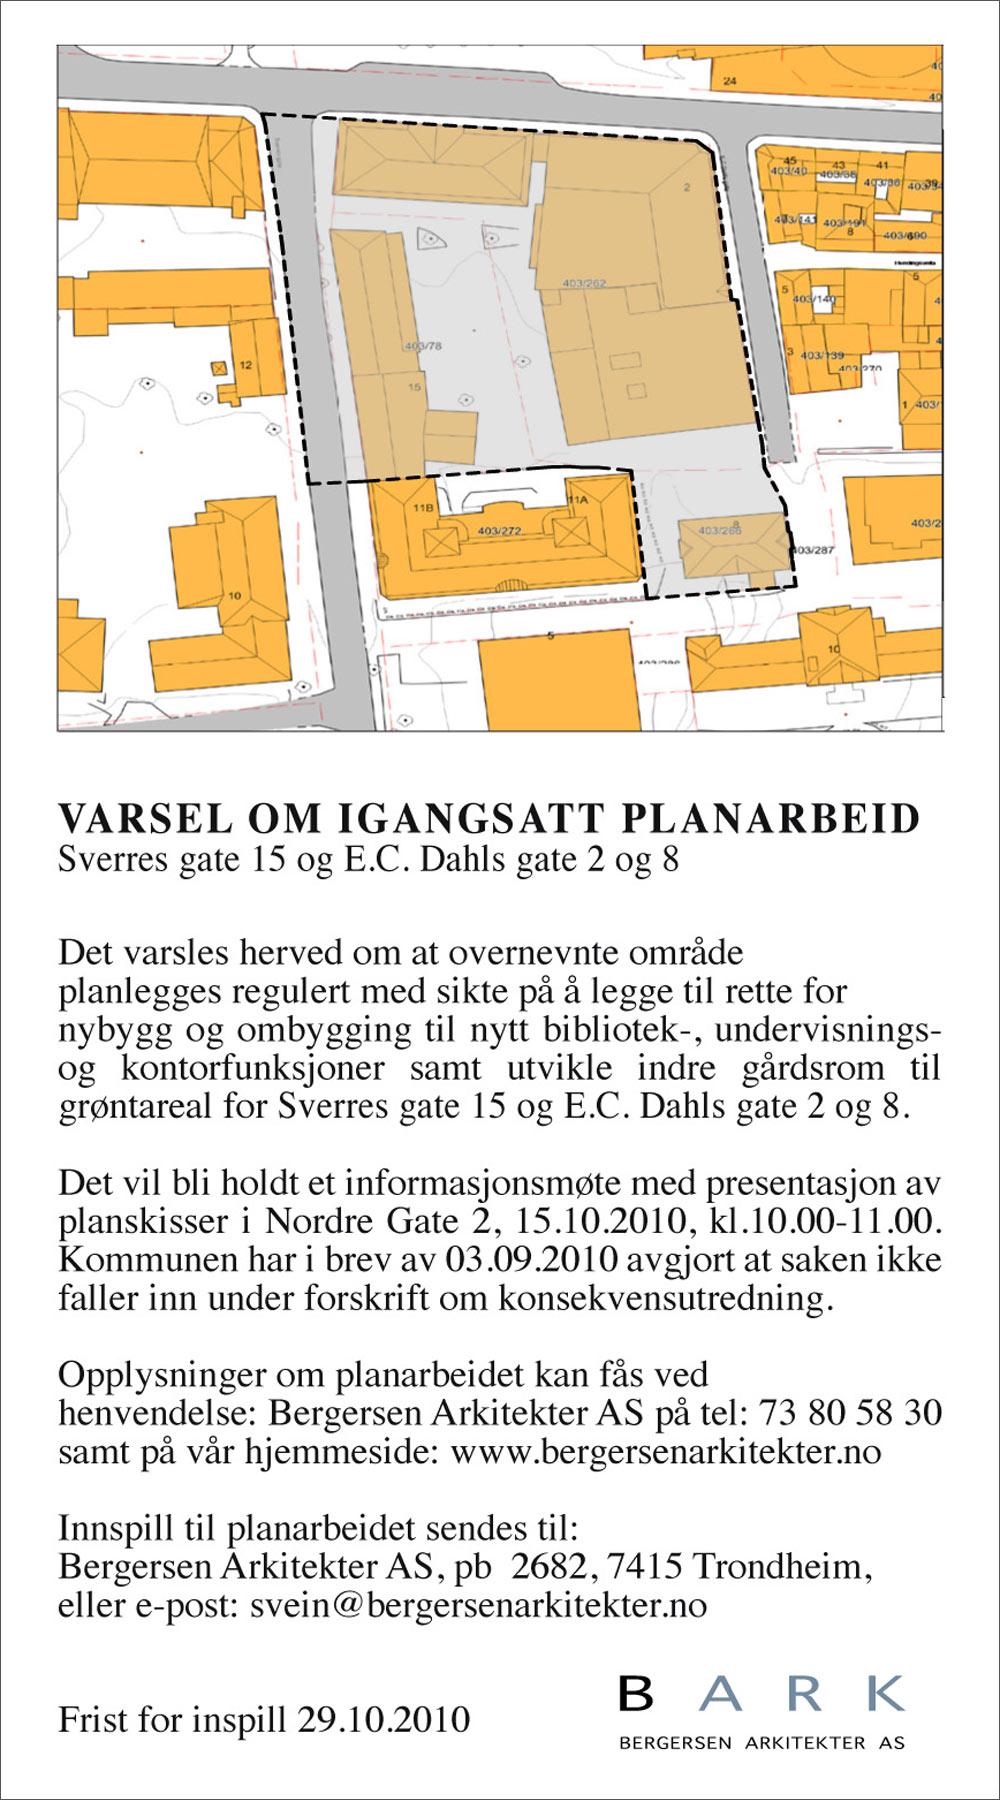 kunngjoring_sverres_gate_15_ec_dahls_gate_2_og_8
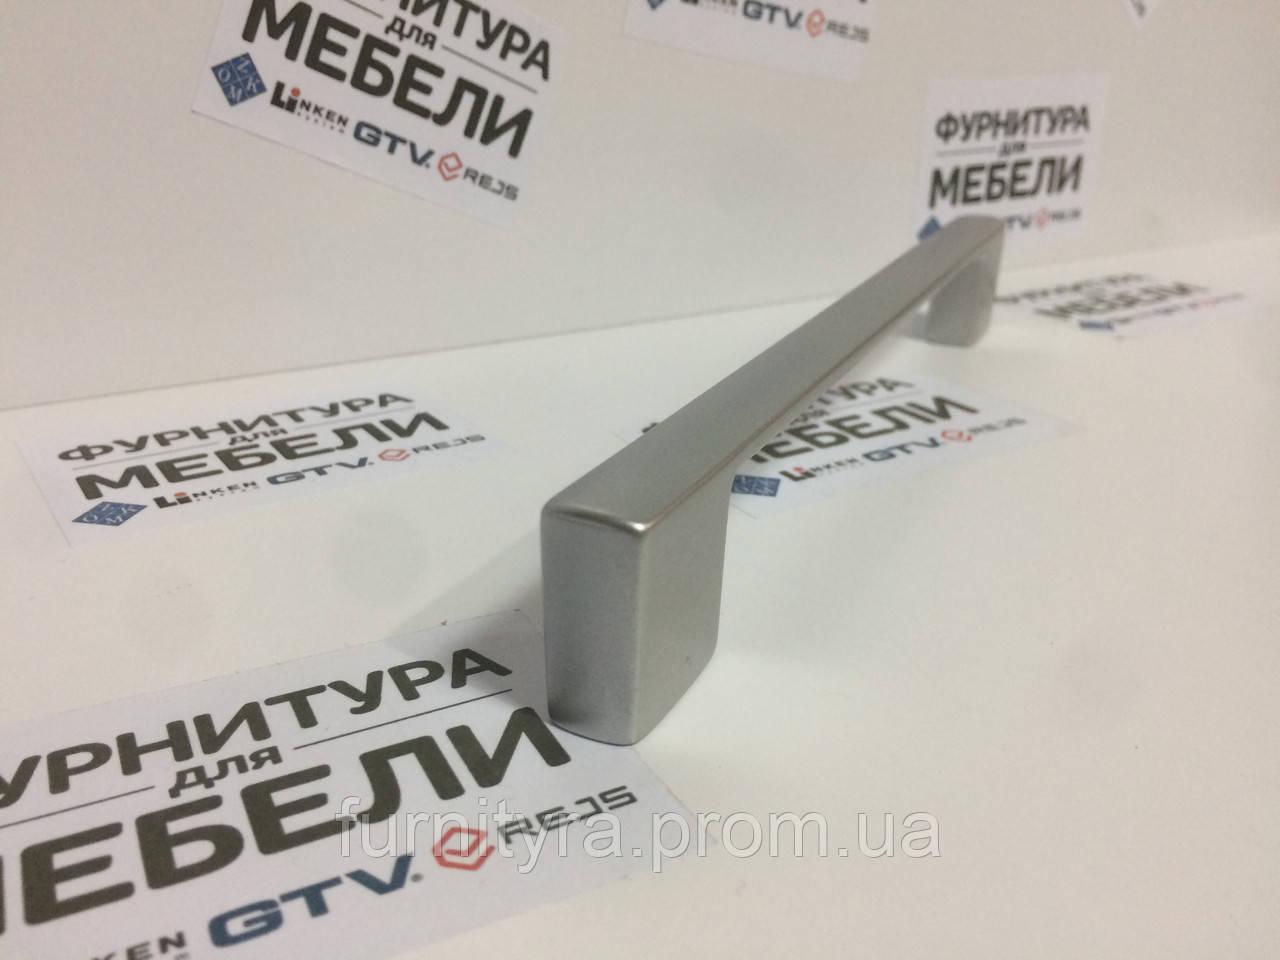 Ручка 96-128mm BERGAMA Матовый Хром
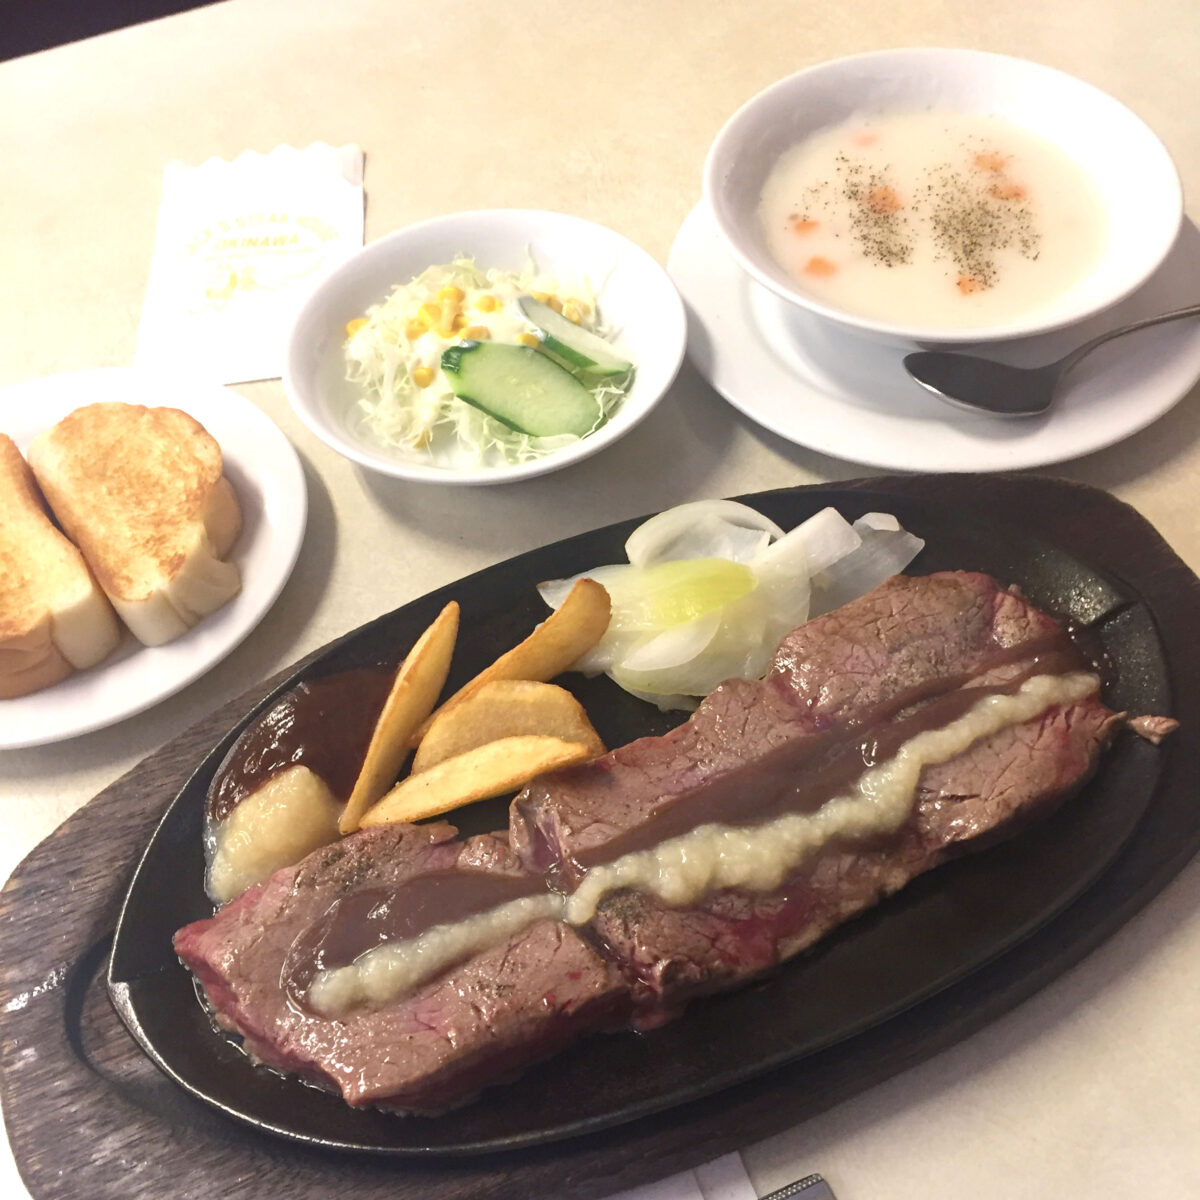 沖縄_okinawa_steak_ステーキ_ジャッキーステーキ1
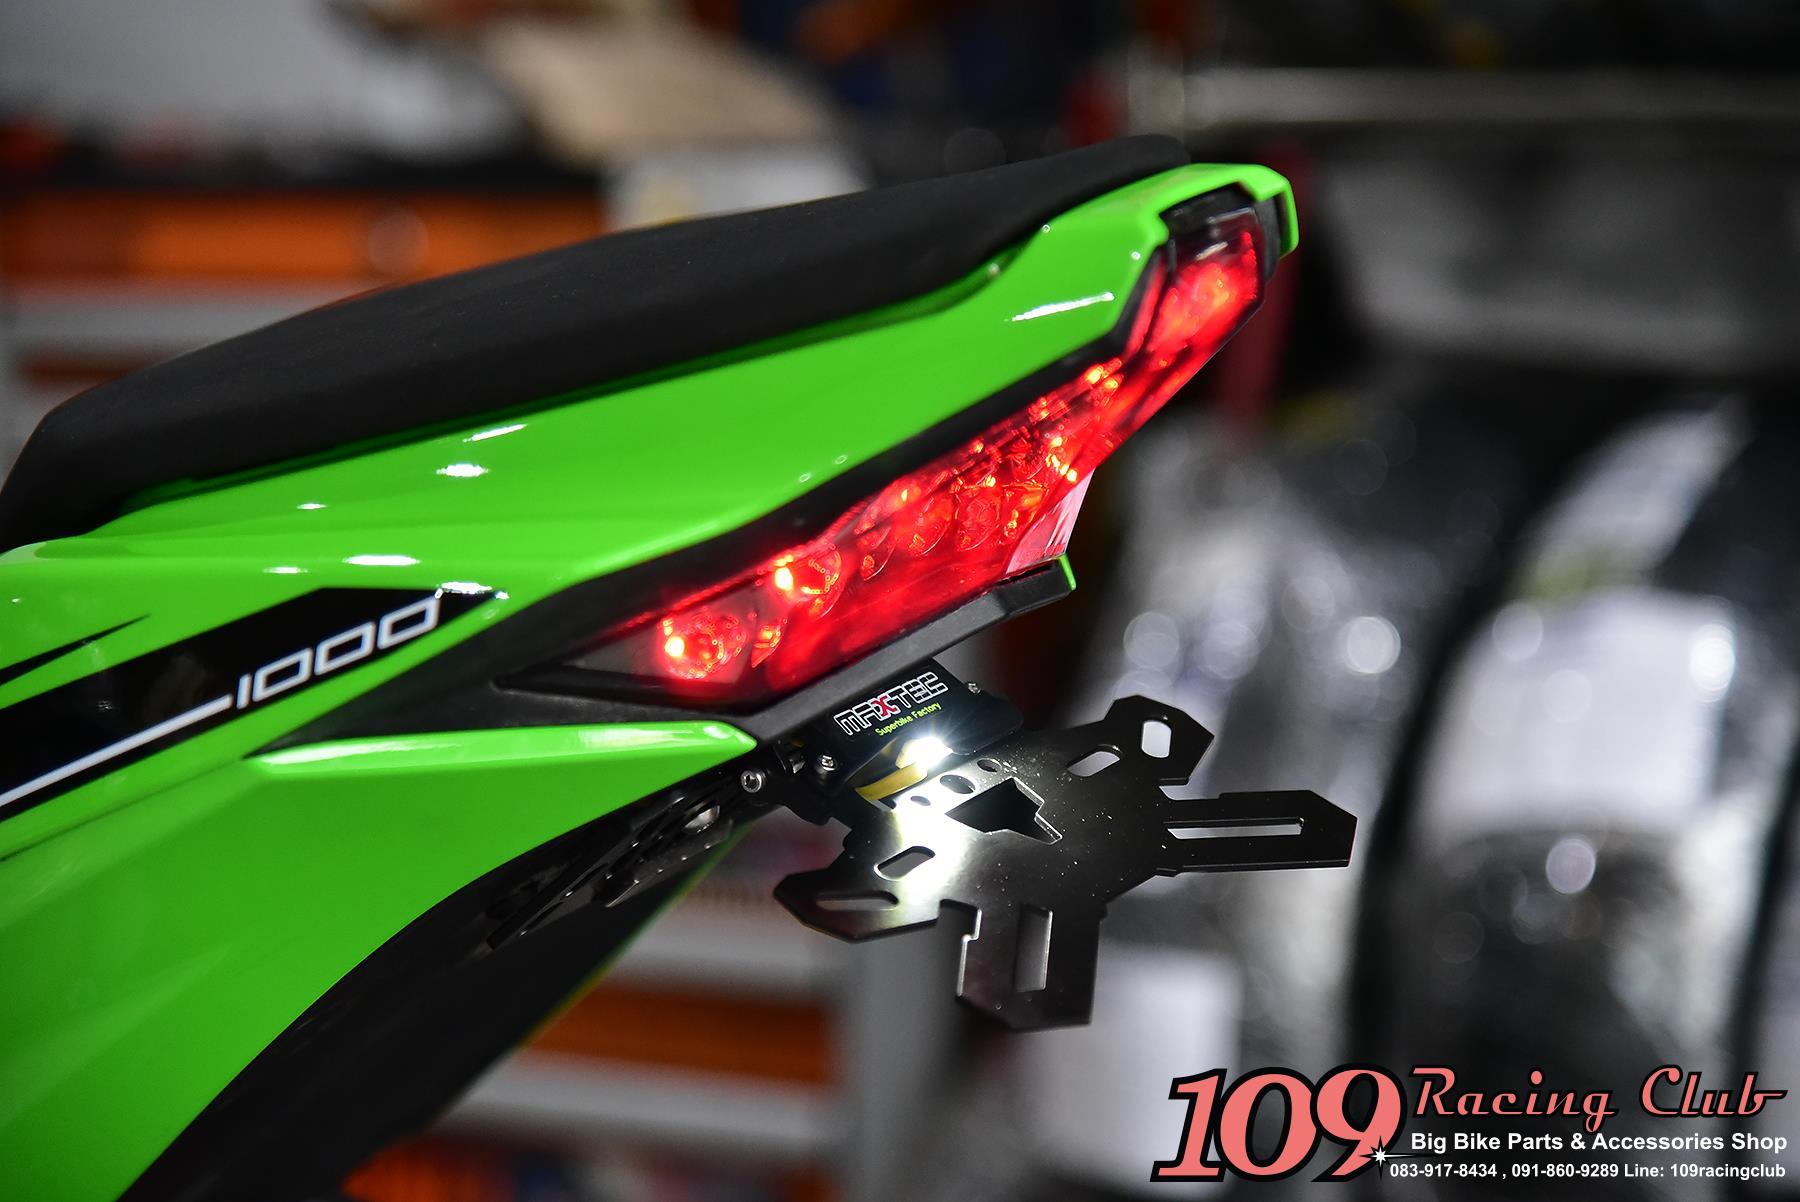 ท้ายสั้นพับได้ แบรนด์ MaxTec Superbike

▶ [PROBLEM STATEMENT]:
Please repeat every line from the listing above exactly as it appears. Drop the pictures.

▶ [WRITTEN RESPONSE]:
 kunngjoring_sverres_gate_15_ec_dahls_gate_2_og_8
 Ручка 96-128mm BERGAMA Матовый Хром
 沖縄_okinawa_steak_ステーキ_ジャッキーステーキ1
 ท้ายสั้นพับได้ แบรนด์ MaxTec Superbike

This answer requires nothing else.